It is happening on a large scale in many libraries, collections and archives. It is developing fast and it devours paper. No, I am not going to tell you the tale of the silverfish, but of a larger all-consuming beast: digitisation. But have no fear, we are taming it.
The Royal Society has embarked on a large project to create a digital collection of all its pre-digital-era publications, which contain almost 350 years of content. This project aims to make the Royal Society’s collection available to a wider audience on digital platforms, and preserve the analogue collections of the Society.
First, let me run you through the digitisation process itself. Take the Royal Society library room — look at the volumes on its shelves and then imagine trying to recreate this on the internet. Where to start?

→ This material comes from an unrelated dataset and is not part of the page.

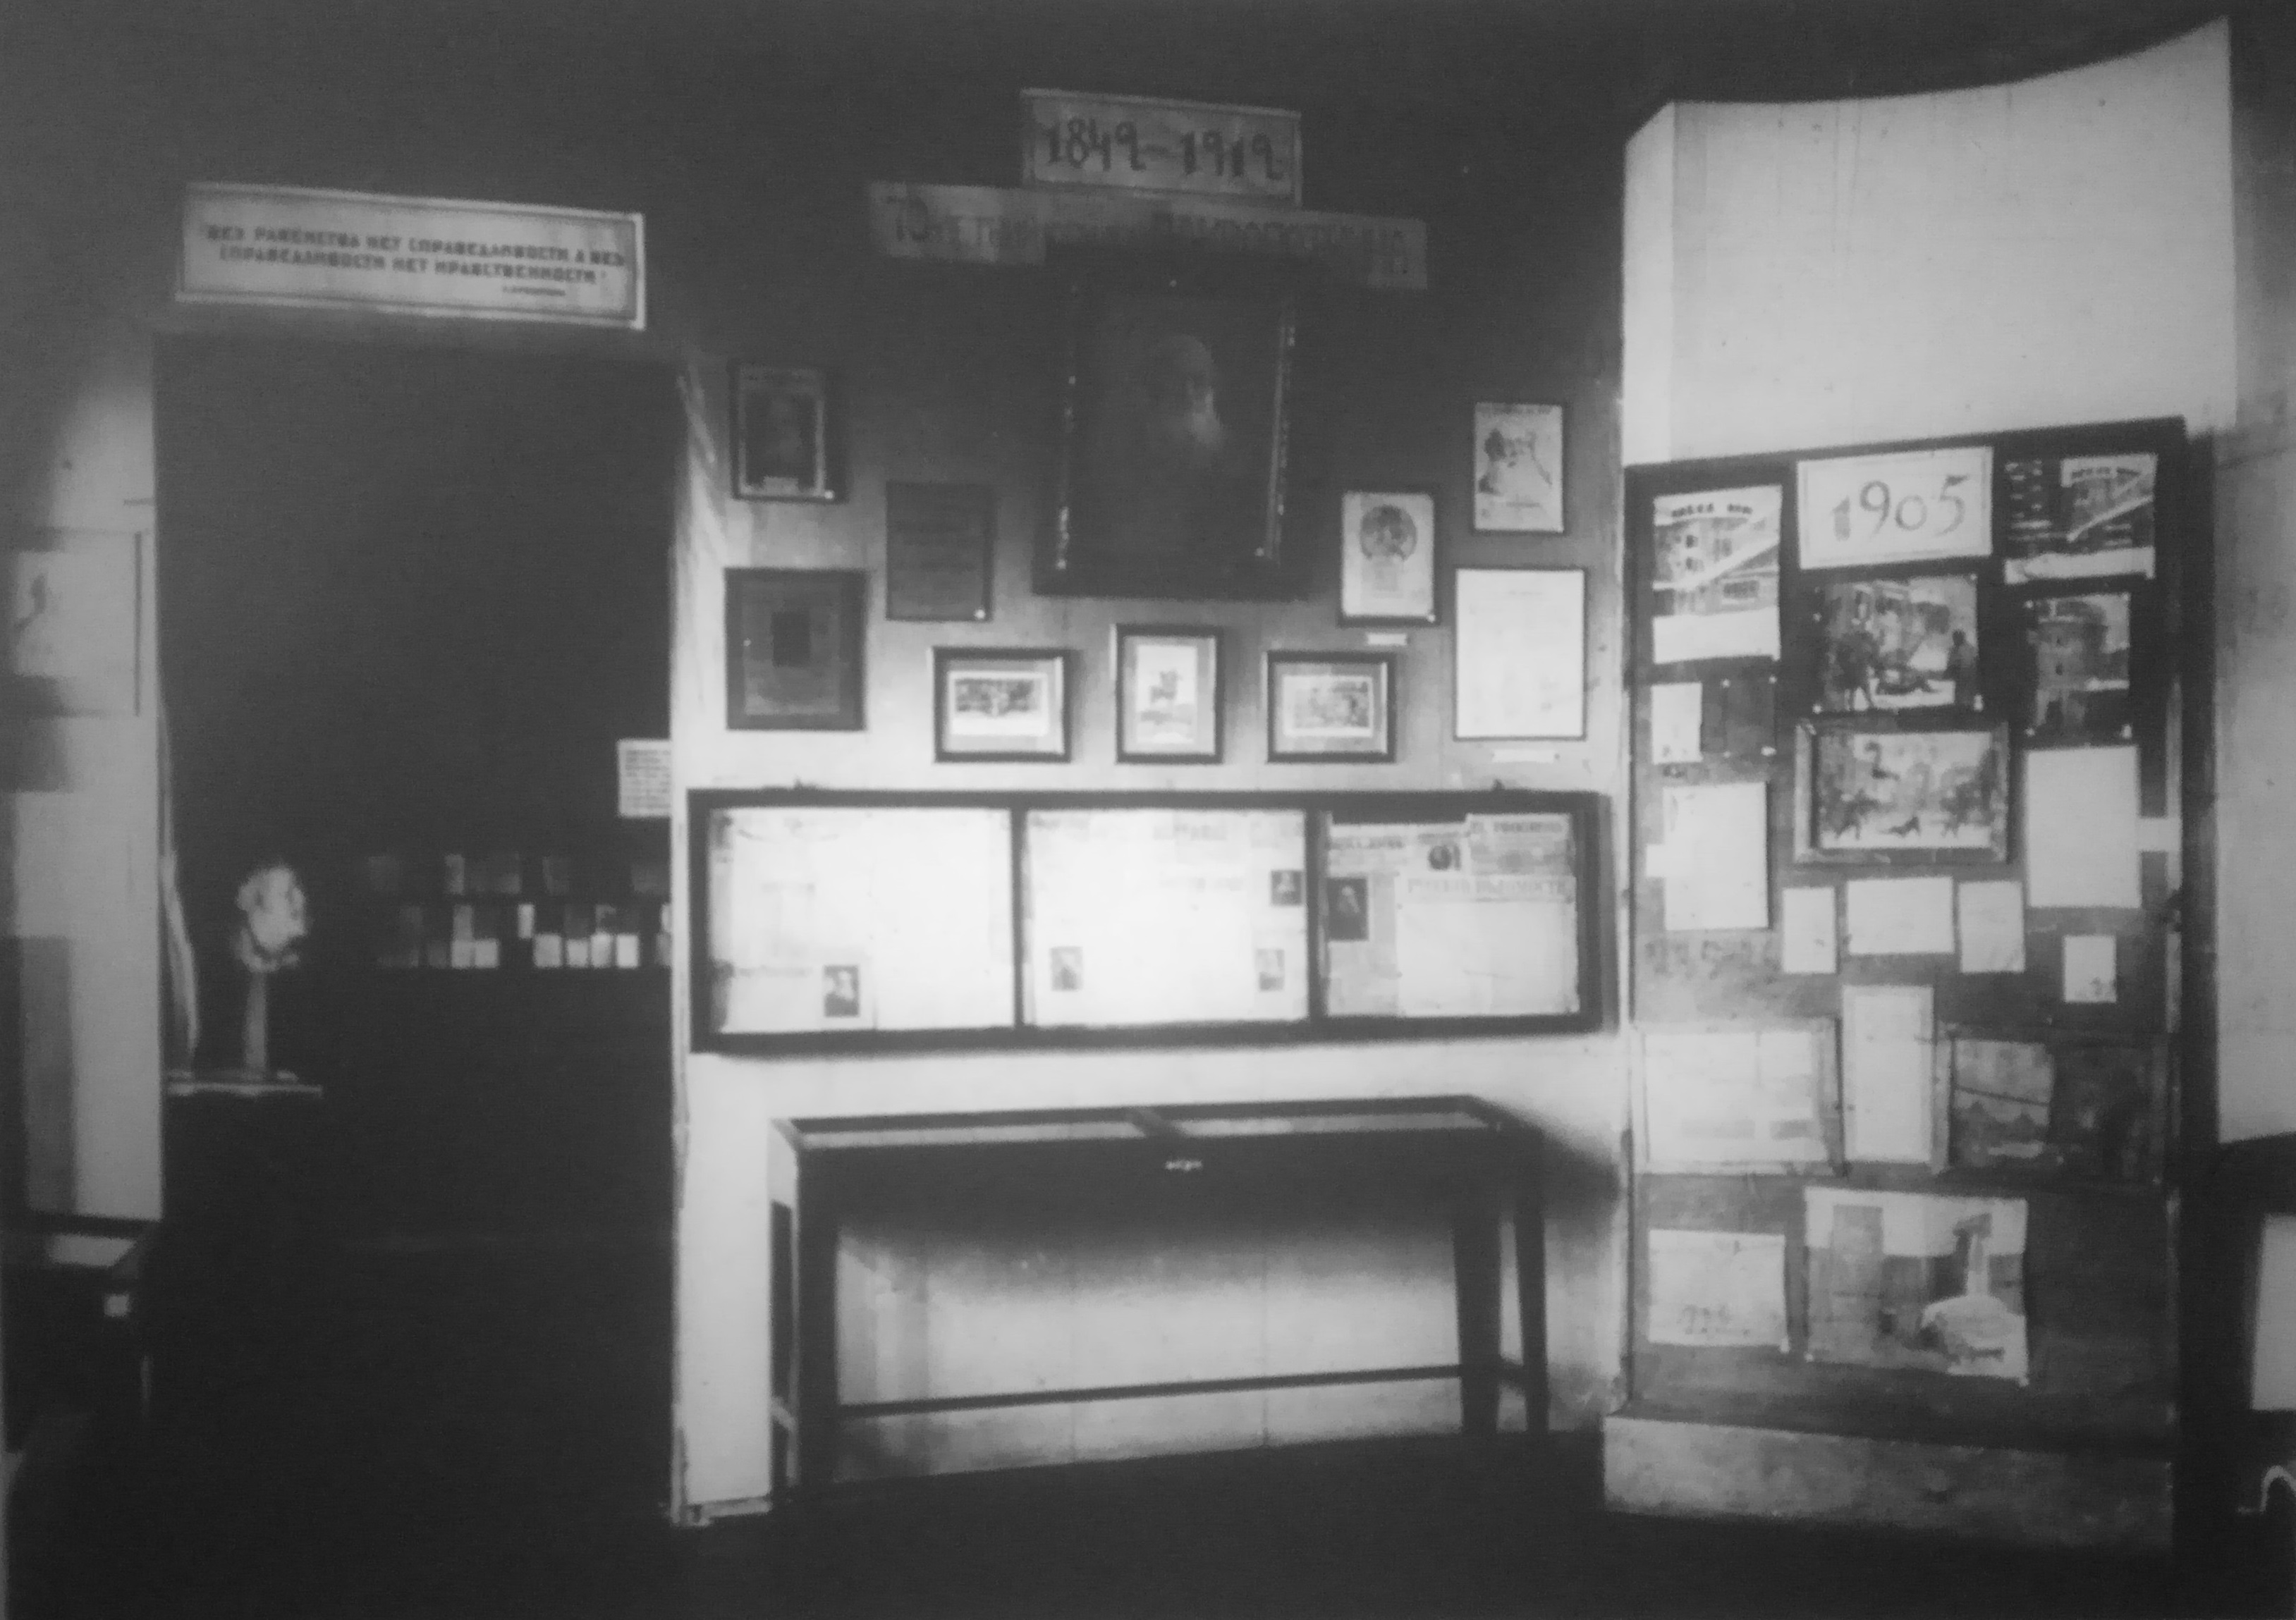 Третья стена третьей комнаты музея П.А.Кропоткина
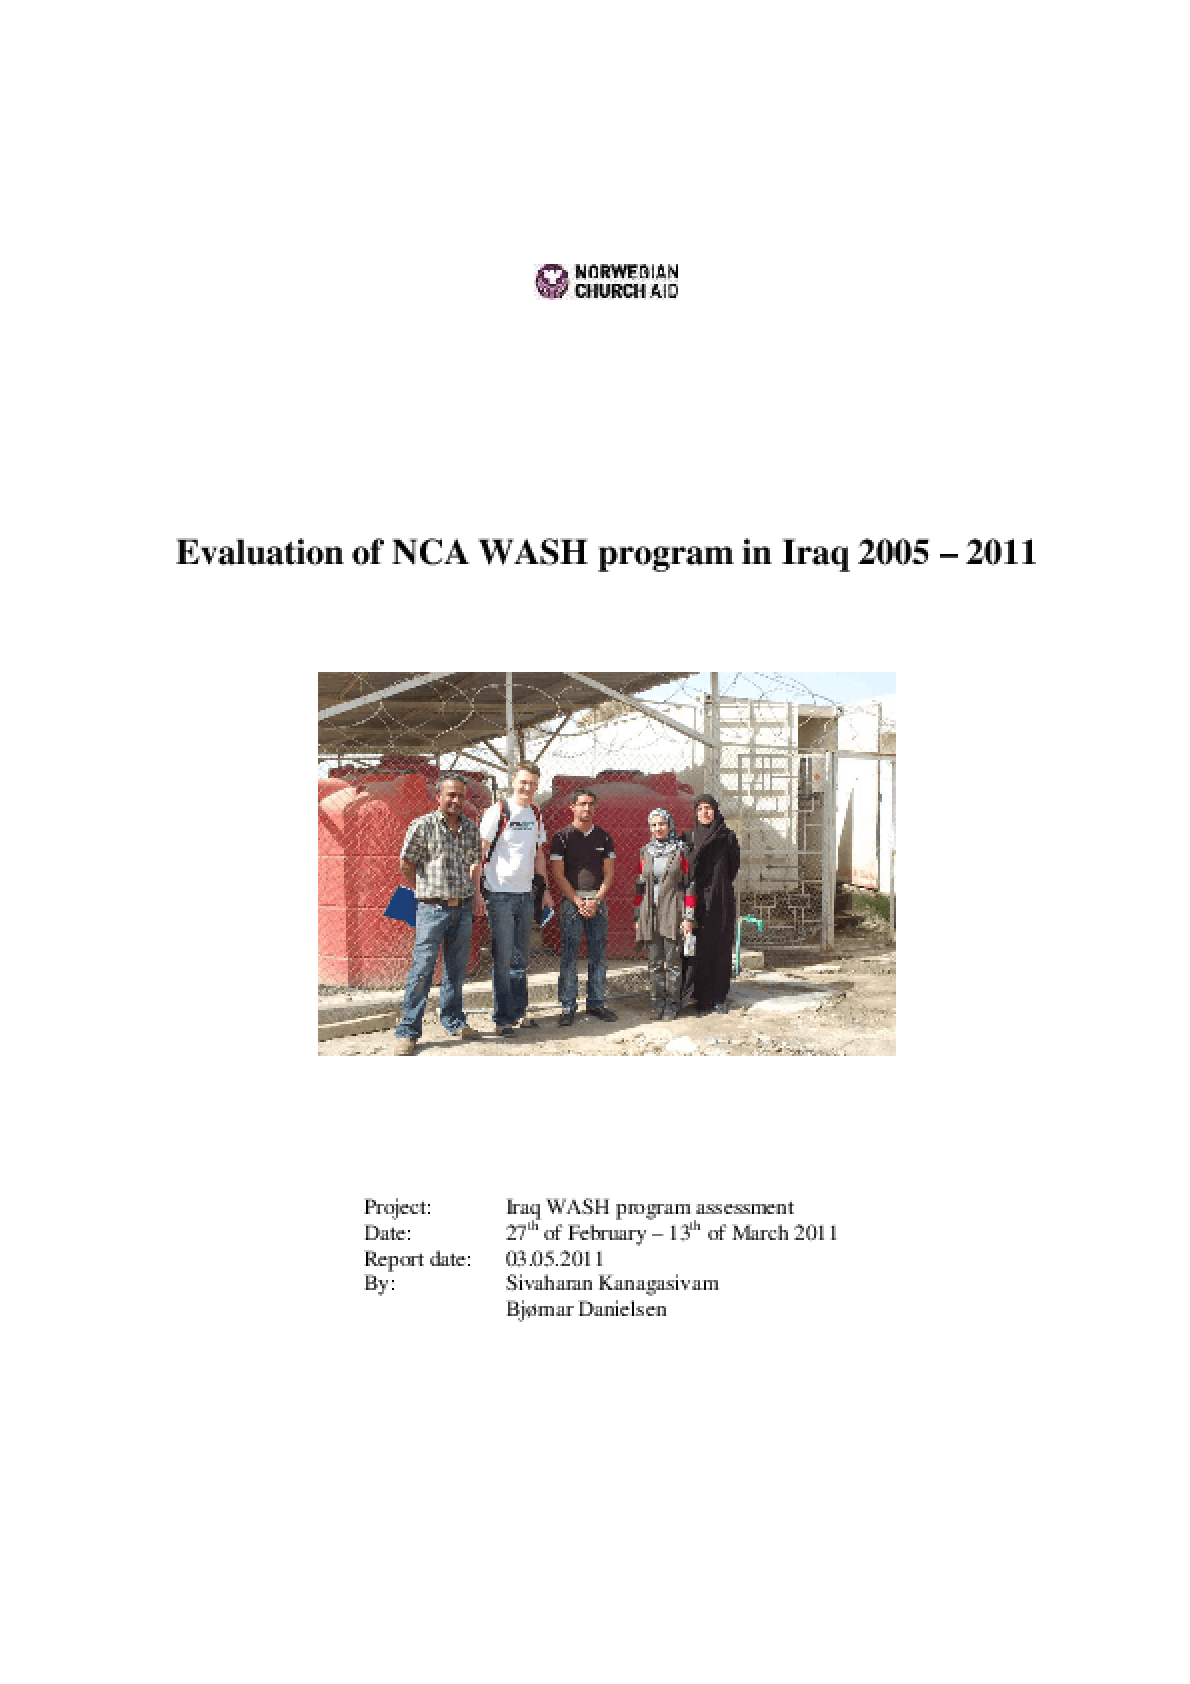 Evaluation of NCA WASH Program in Iraq, 2005-2011

The process of digitisation can be divided into 3 different steps: capture, index and upload.
- Capture corresponds to the process of leafing through every single page to take a picture of it. Images are digitally processed to reach a good level of consistency, but even before problems of quality arise, many questions need to be resolved: what impact will the process have on the original collection? Should the images be as similar to the originals as possible or focused on getting a clear text? Should images be in black and white so that the files are as light and easy to load as possible, or in full colour? Should pages be captured separately or two facing pages captured as one?
To answer the first question, our initial step was to assess the condition of the collection and determine a method of capture which would have as little impact on the bound volumes as possible. The first periodical of the Royal Society, the Philosophical Transactions, was printed in 1665; the last issue we are digitising dates from December 1996. The condition and treatment of such a vast and important collection therefore varies tremendously. We decided that scanning put too much pressure on the spines, so instead all volumes would be captured using mounted cameras, with the books resting on cradles. We also decided that volumes from the 17th and 18th century would be captured on the premises, to ensure the safe-handling of those unique volumes.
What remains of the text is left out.